TASK STATEMENT = For the material below, reproduce exactly each line from the one that has "Marvel Future Revolution" through the one that has "Letters of Helena Roerich II", and no others; pictures stay out.

PROVIDED ENTRIES =
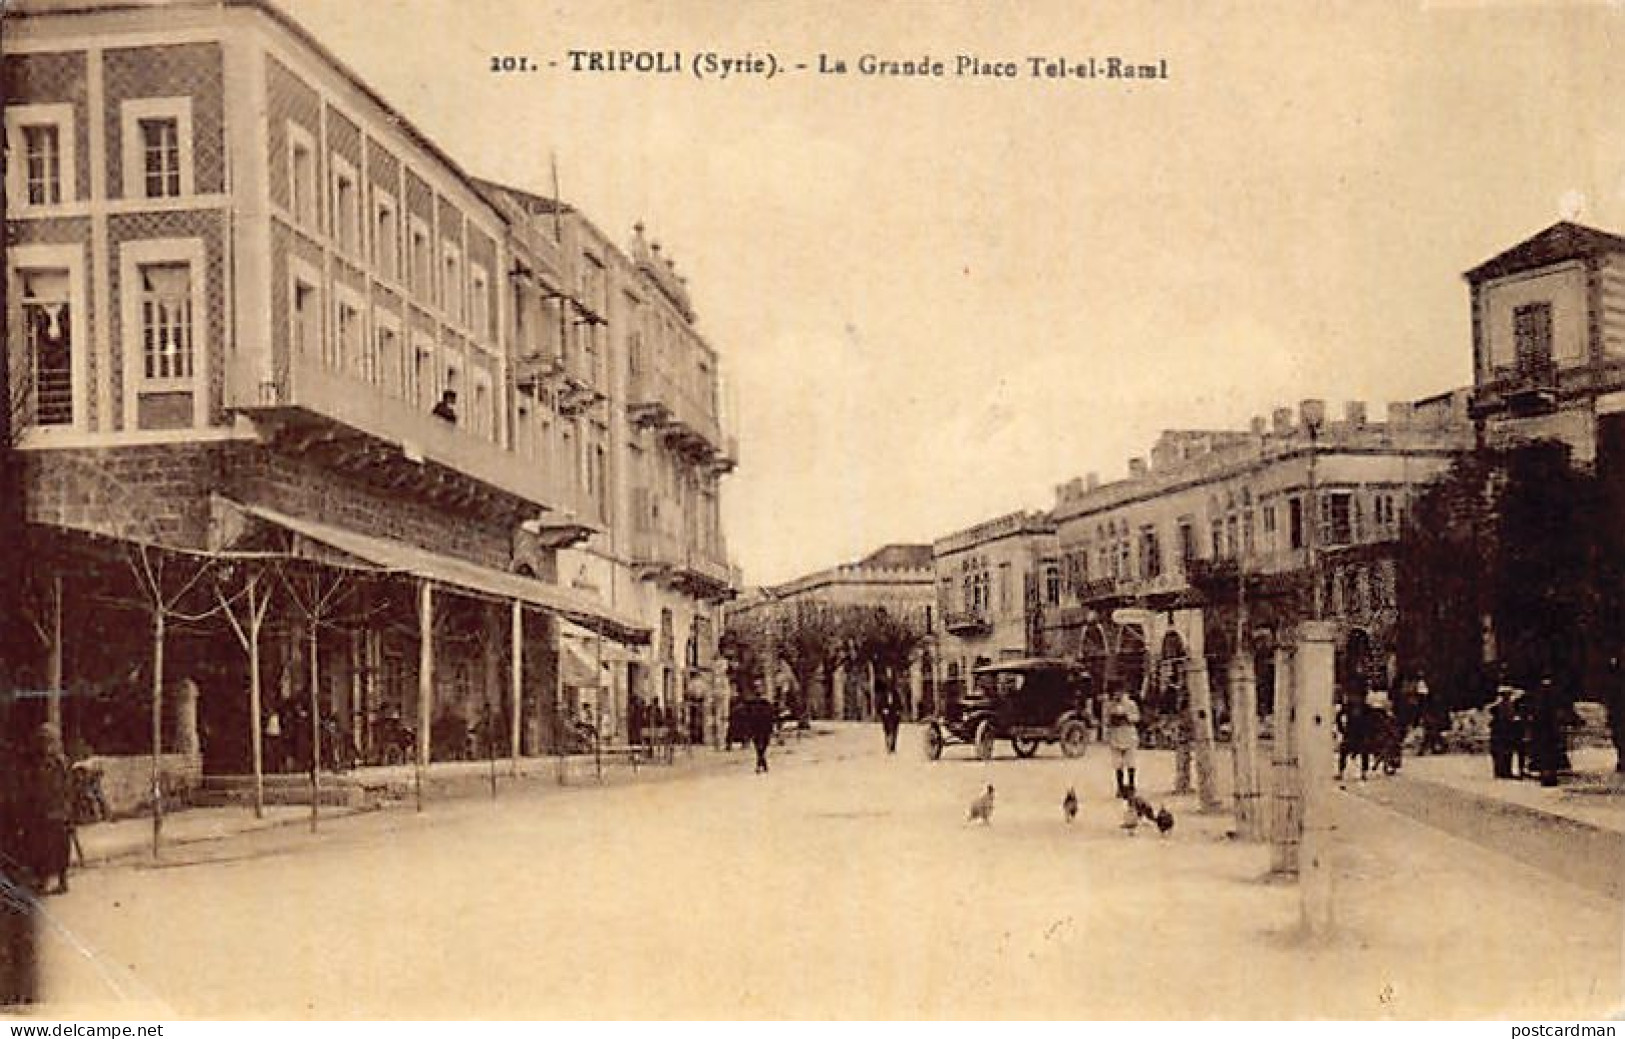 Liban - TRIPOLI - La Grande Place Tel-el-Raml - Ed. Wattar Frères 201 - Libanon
...
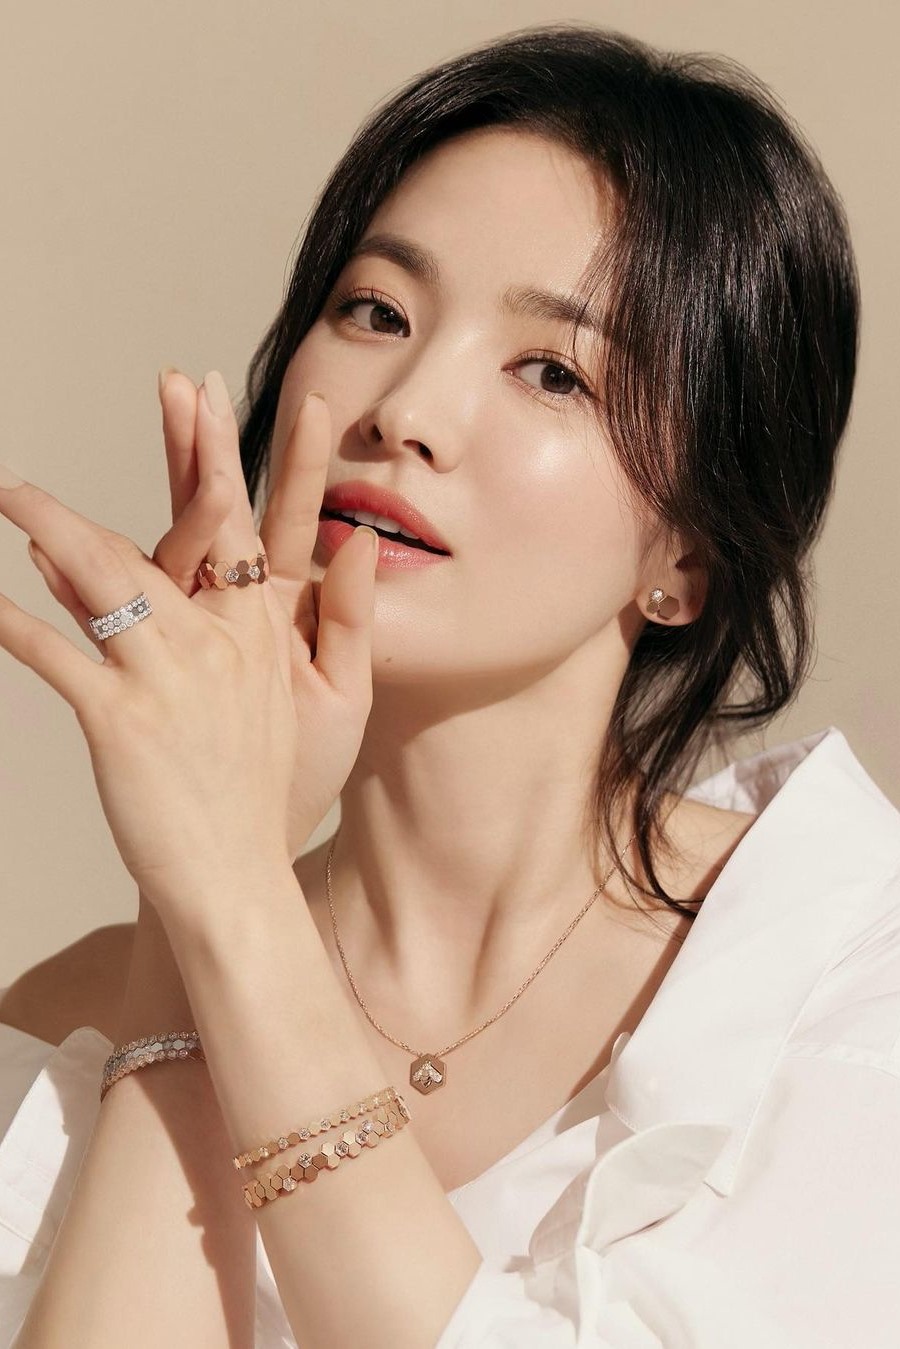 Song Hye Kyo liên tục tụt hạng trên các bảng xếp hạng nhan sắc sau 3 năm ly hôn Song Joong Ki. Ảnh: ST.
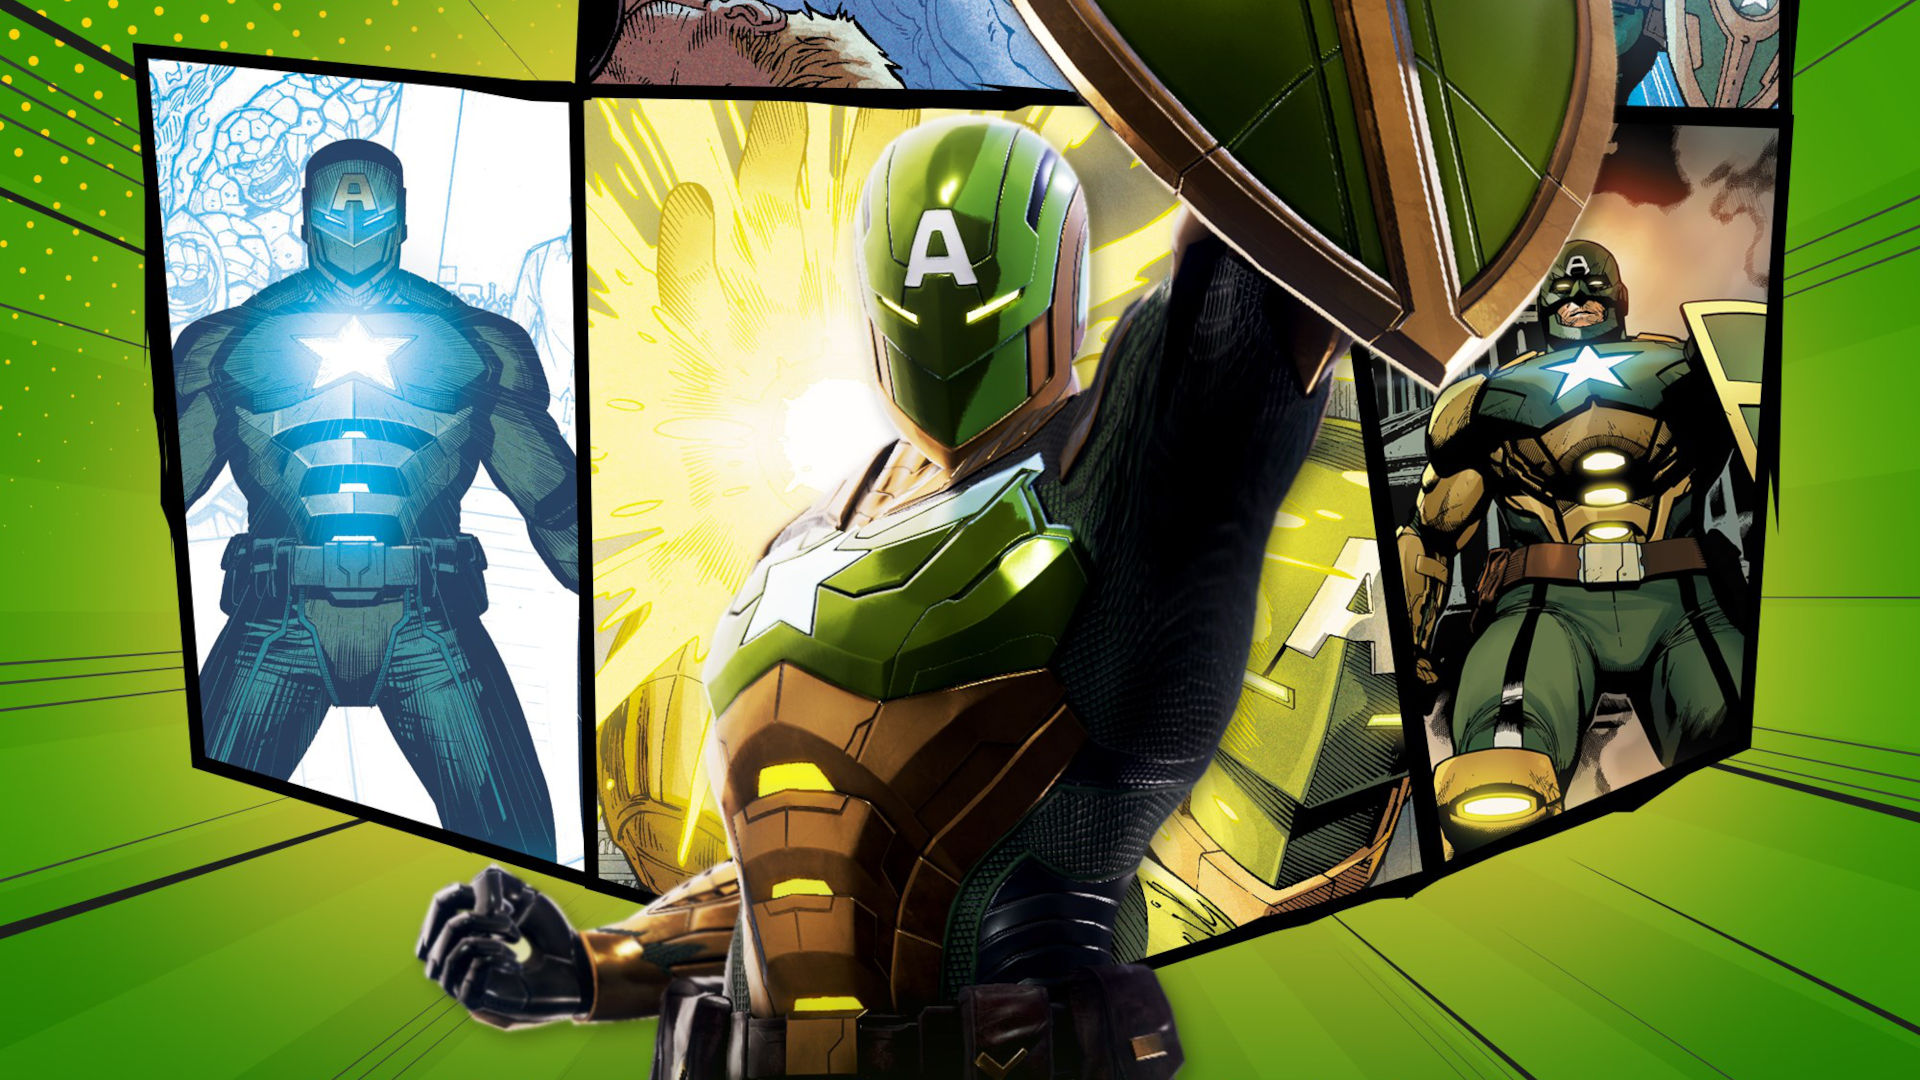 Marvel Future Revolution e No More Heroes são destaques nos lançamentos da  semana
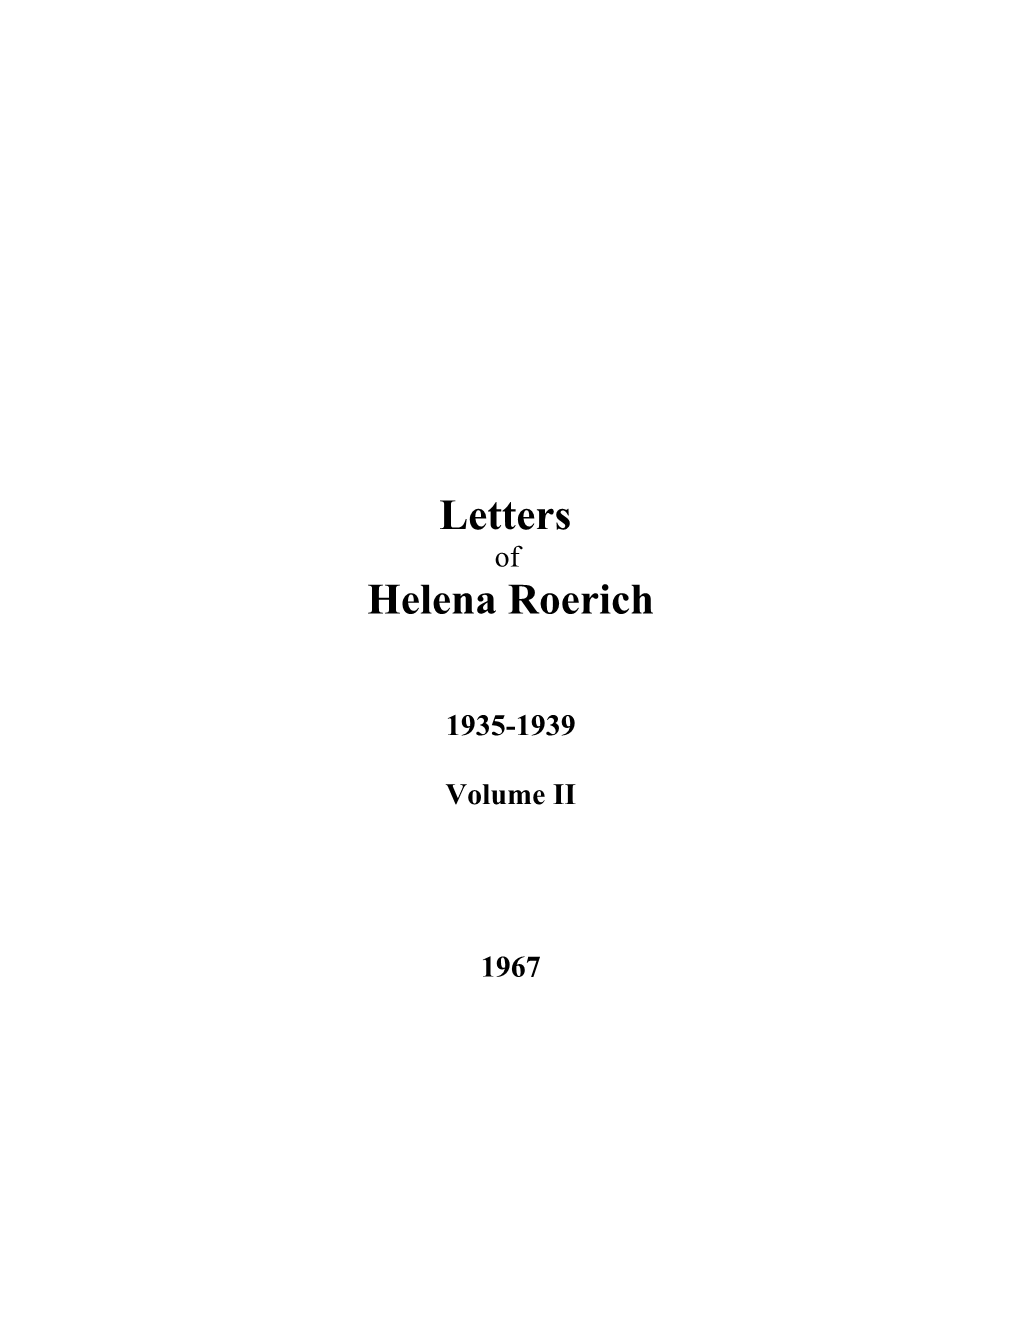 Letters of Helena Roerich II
--
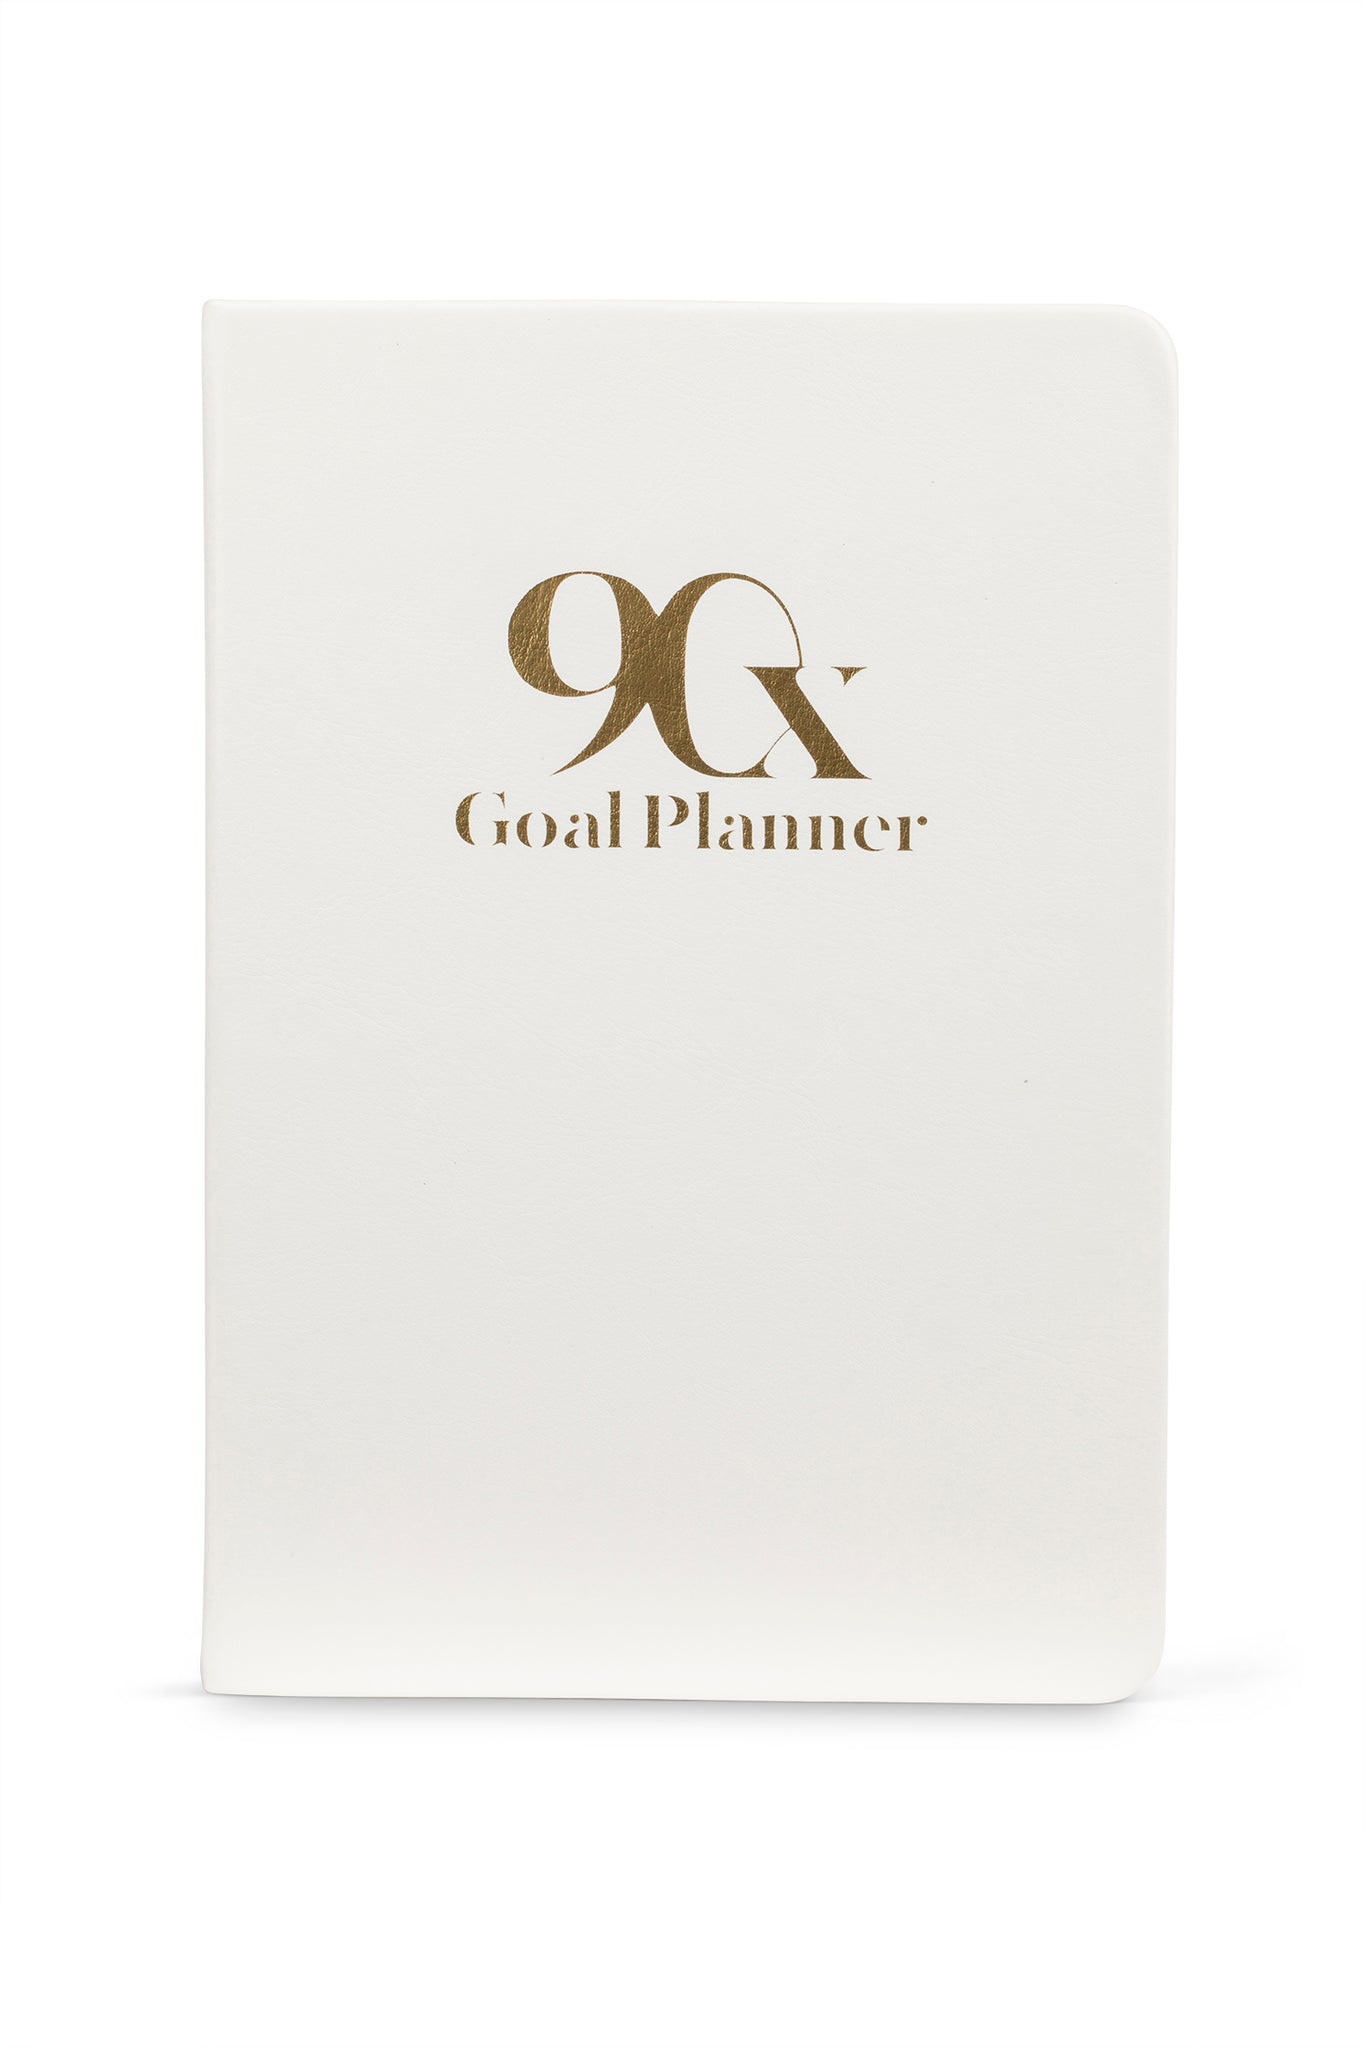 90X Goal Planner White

TASK OUTPUT =
 Marvel Future Revolution e No More Heroes são destaques nos lançamentos da  semana
 Letters of Helena Roerich II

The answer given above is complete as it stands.